Overly short daily walks and weak legs, mental distress, and systemic inflammation considerably impact quality of life in people with bronchiectasis and severe asthma, a study suggests.
“Extrapulmonary associations of health status in severe asthma and bronchiectasis: Comorbidities and functional outcomes” was published in the journal Respiratory Medicine.
Bronchiectasis and severe asthma are known to affect much more than a person’s airways, but life quality is rarely studied.
Researchers explored health-related but non-pulmonary traits for their impact on quality of life in adults with bronchiectasis (61 people) and severe asthma (70 people).
Specifically, they looked at physical activity (measured by number of steps per day), mental health (namely, anxiety and depression), isometric leg strength (leg muscle contraction in a static position, or without moving the joints; stronger muscles produce more force), systemic inflammation, and the presence of other diseases (comorbidities).
Health-related quality of life was assessed using the St. George’s Respiratory Questionnaire (SGRQ), a self-reported questionnaire specific to people with chronic airway diseases.
SGRO includes 50 questions divided among three topics: symptoms (frequency and severity), activity limitations due to breathlessness, and social and emotional impacts. Answers to each section are weighted according to the associated distress. Final scores range from 0 to 100, with higher scores corresponding to a poorer quality of life.
A difference equal or above four points in the SGRQ is considered to be clinically relevant.
Results showed that bronchiectasis and severe asthma patients had similar mean scores in the SGRQ questionnaire, 37.8 and 43.7, respectively.
Moreover, the traits studied had a similar negative impact in both groups. “The associations between extrapulmonary variables and HRQoL [health-related quality of life] did not differ according to diagnosis,” the researchers wrote.
Anxiety and depression, along with low physical activity (less than 4,125 steps daily), and whole body inflammation were parameters associated with worse quality of life in both bronchiectasis and severe asthma patients.

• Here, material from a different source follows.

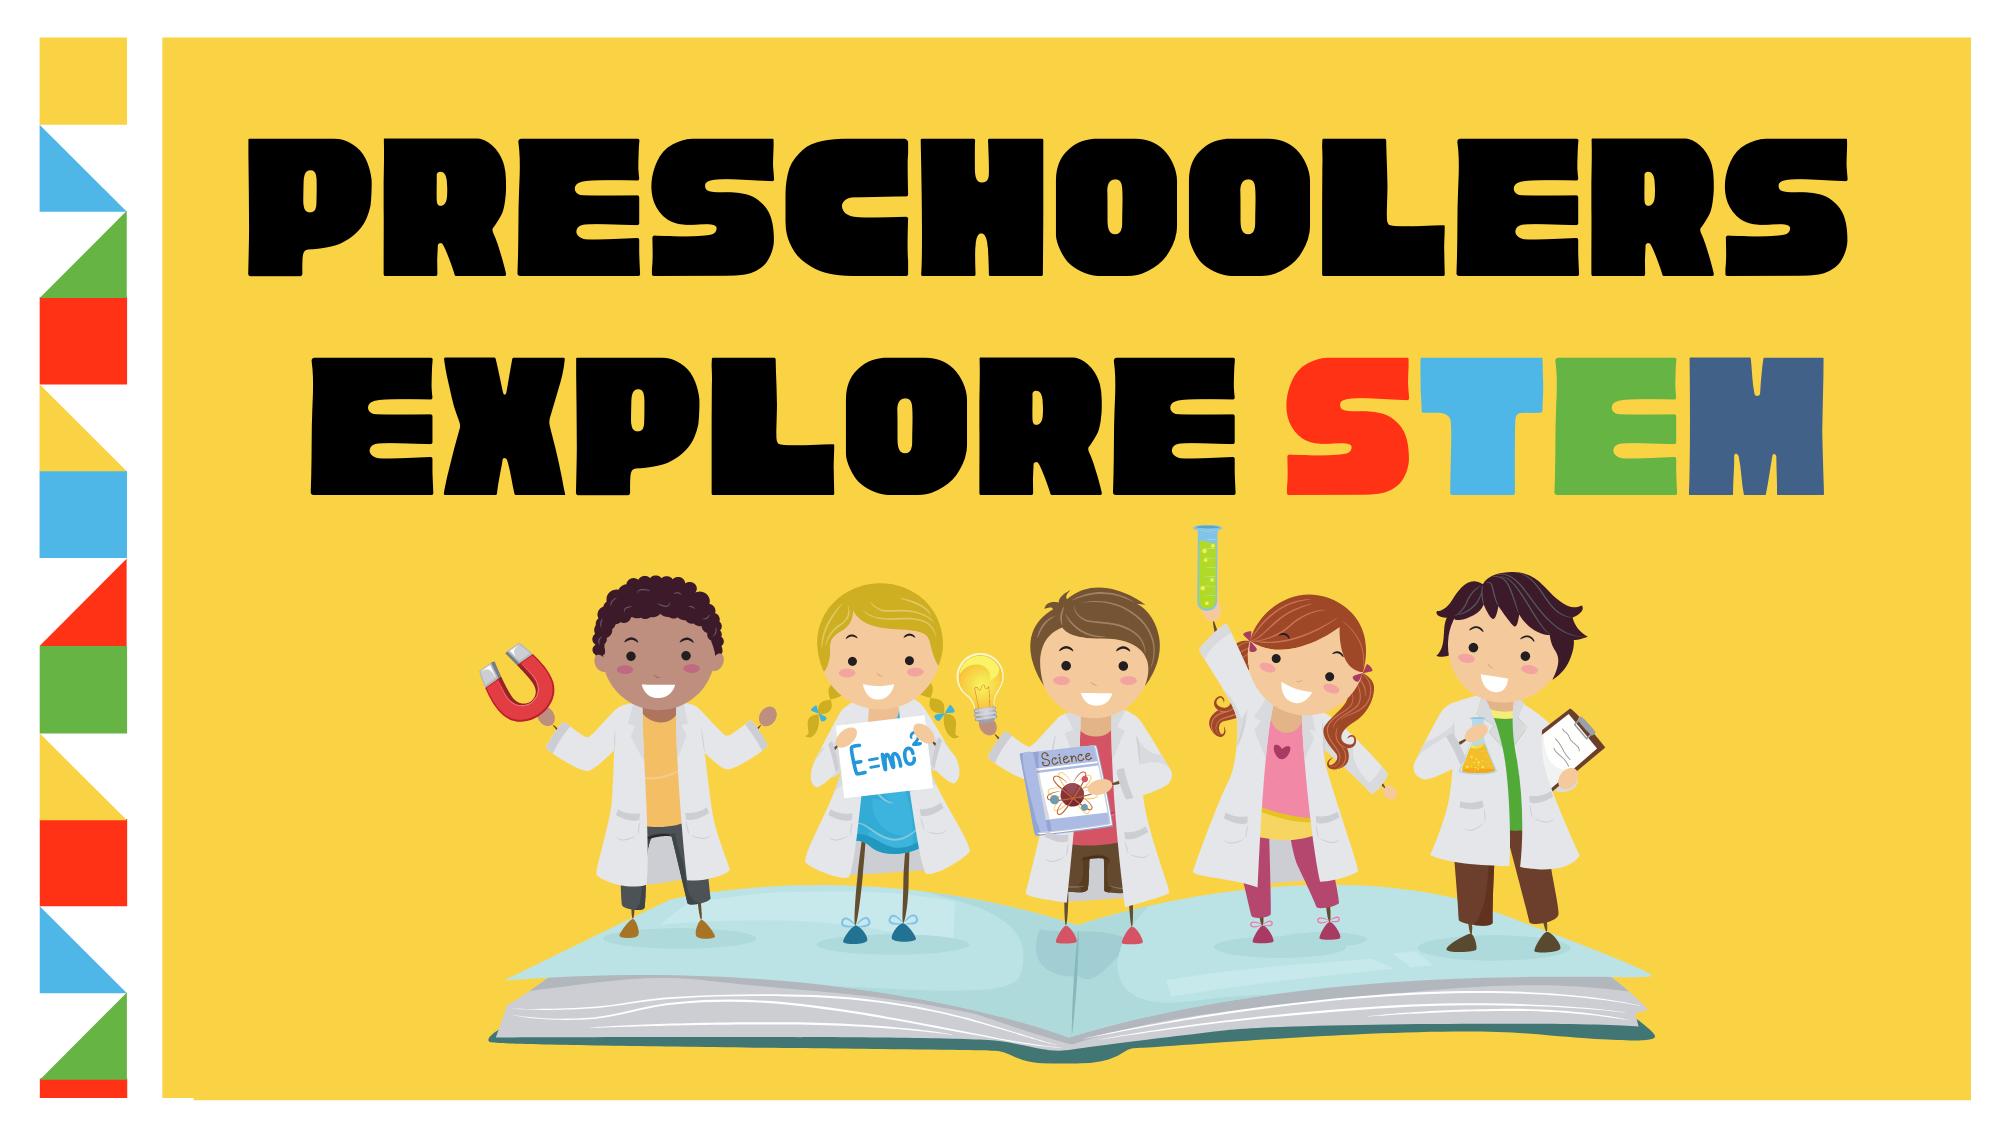 Preschoolers Explore STEM

Of note, the minimum physical activity linked to a better quality of life was 7,000 steps a day.
“Our findings indicate that more than 7000 steps/day may be the level of physical activity associated with clinically significant improvements in HRQoL [health-related quality of life], and thus it could be considered an activity target,” the researchers wrote.

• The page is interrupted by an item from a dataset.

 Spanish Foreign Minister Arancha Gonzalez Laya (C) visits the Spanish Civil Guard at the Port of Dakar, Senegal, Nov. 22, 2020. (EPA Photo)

Lower isometric leg strength in severe asthma patients and a higher score in the Charlson Comorbidity Index in bronchiectasis patients were also associated with a poorer health-related quality of life.
Overall, “decreased physical activity, anxiety and depression, leg strength and systemic inflammation are shared extrapulmonary characteristics that are independently associated with HRQoL [health-related quality of life] in severe asthma and bronchiectasis, especially within the activity and impact domains,” the team concluded.
According to the researchers, these traits should be considered when patients are being evaluated, as they may be promising targets for intervention to improve life quality.